In this broad strategy, it is possible to assign trajectories to each user, service or specific information in a collaborative network.  Moreover, the direction of these trajectories can be related to a planning path or the collection of the corresponding mission-derived data.  Trajectories may end on a known precursor condition that can be extrapolated to an actionable conclusion, while other users’ threads, which can be allocated degrees of priority/credibility, are used to corroborate or reject said action.  In this multi-threaded space information fusion is achievable and moreover, users can be added or deleted as they come into and out of a theater.

Finally, this broad approach can be helpful in the general field of human-machine interaction by enabling humans to express themselves in full-vocabulary natural language at the same time as machines only actually process semantically-filtered limited-vocabulary phrases.

Impact

We believe that the impact for military applications of applying these methods to real-world applications will be to substantially address the objectives of a distributed intelligence and information fusion program.
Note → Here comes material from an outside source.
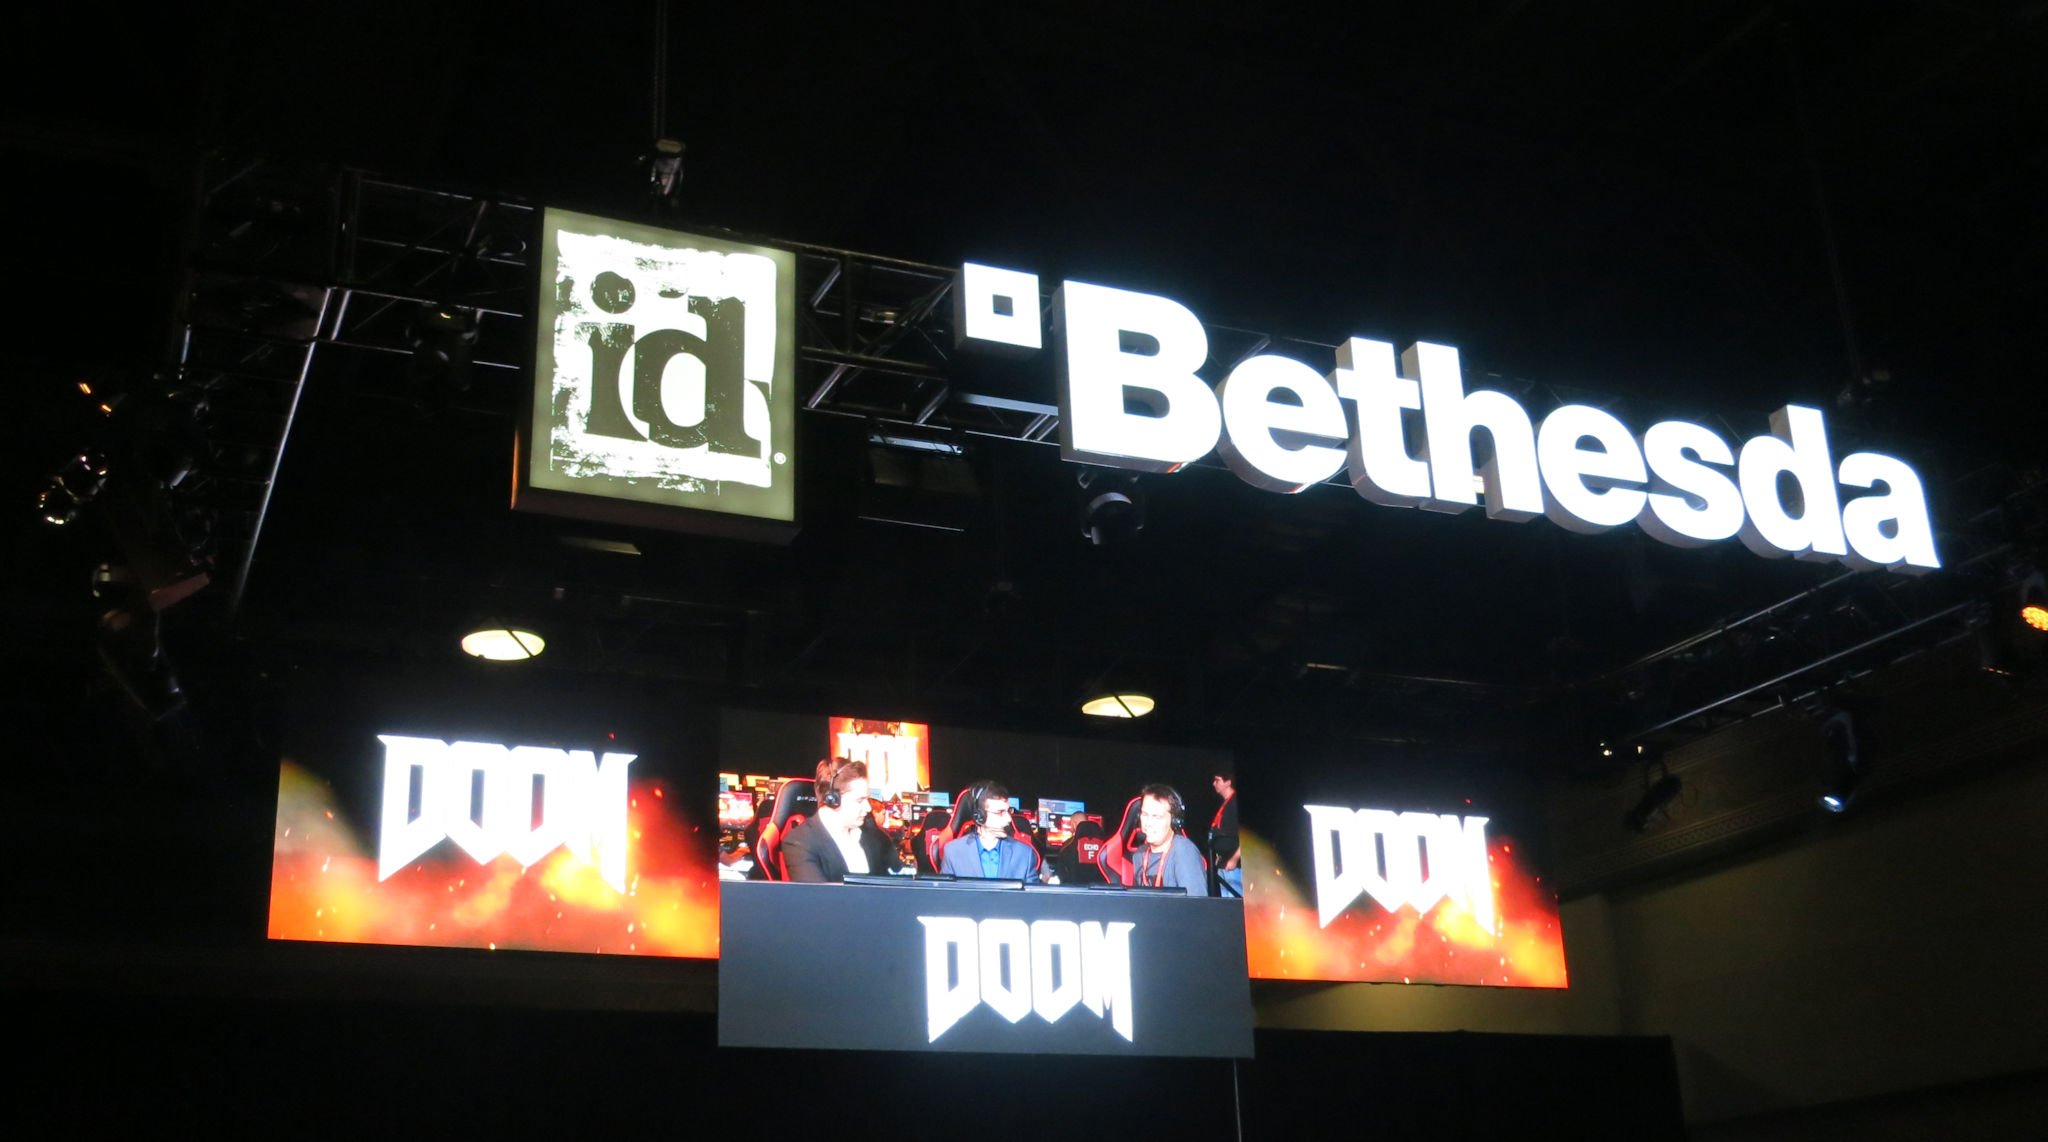 Extra-bloody DOOM multiplayer impressions from QuakeCon 2015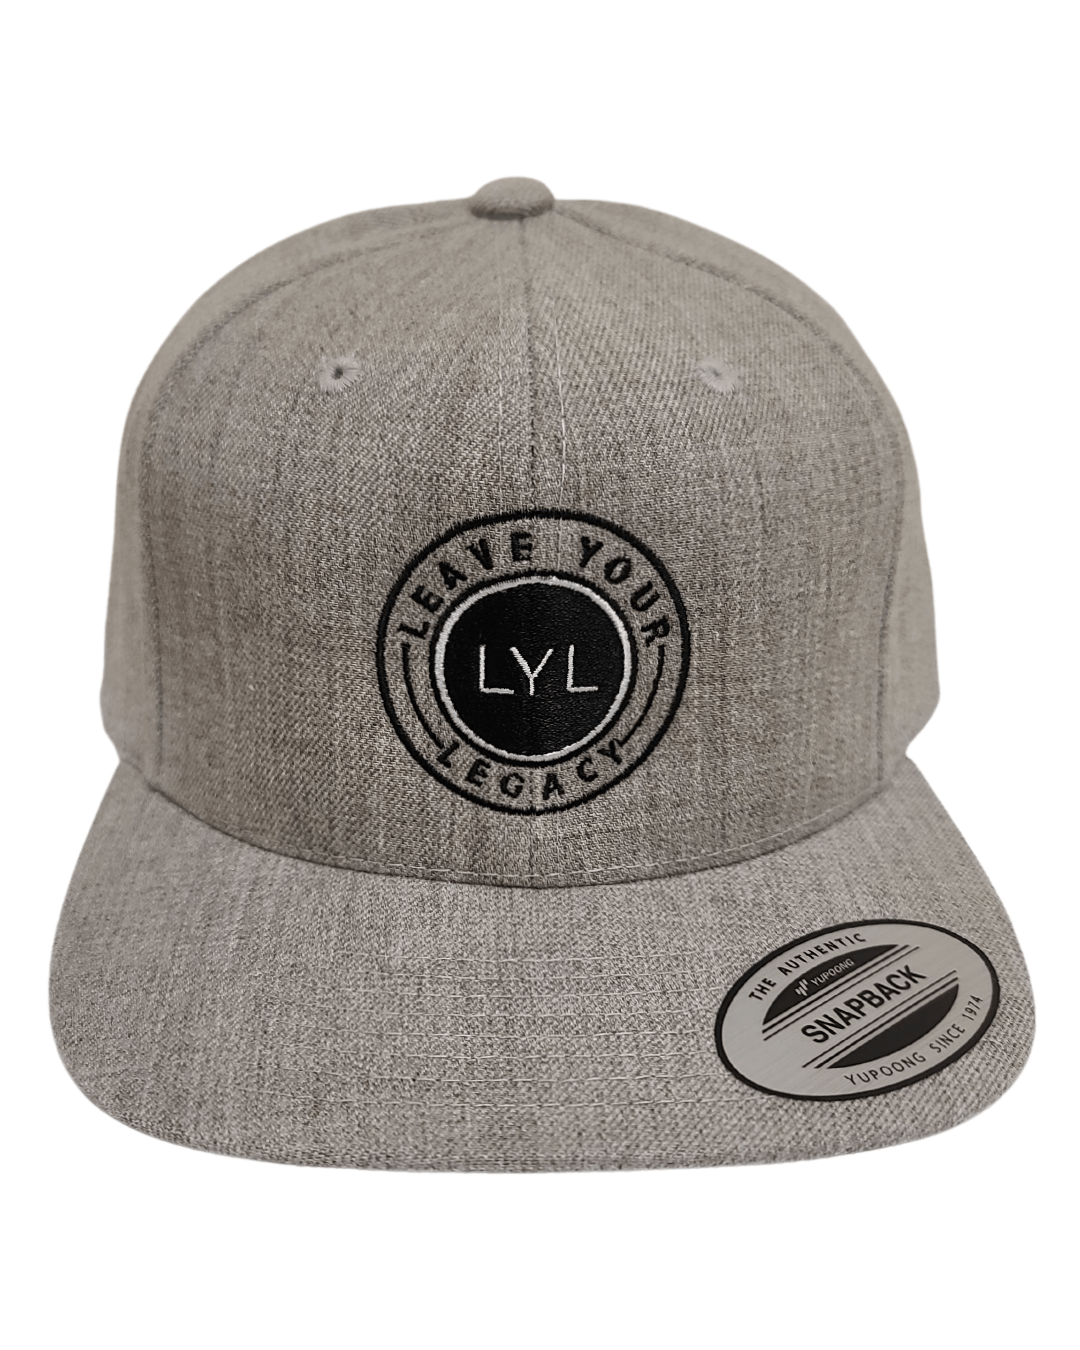 LyL Bullet - Leave Your Legacy Clothing

On the other hand, civilian technology will be positively impacted by the application of the principles herein described to applications such as a semantic search engine, improved data-mining algorithms, and more versatile robots “apparently” able to process natural language.  Moreover, the 2/3 of the world population who do not share the same linguistic roots, and have a very limited English vocabulary will find it very much easier to understand technical and scientific material, most of which is written in English.

Core Competences

We have been working on a viable representation of both semantic and syntactic content of language for the last 14 years.  We have a novel and unique method to encapsulate all this information in a low-dimensionality space using multivariate techniques.  Currently we have a team with the experience of having implemented the translating tool and familiarity with the mathematics involved.  Perhaps more importantly we have the translating tool itself, which is crucial in turning unstructured full-vocabulary language into a limited-vocabulary representation that substantially keeps the semantic content, and which can be processed in such a way so as to usefully acquire, store and retrieve knowledge.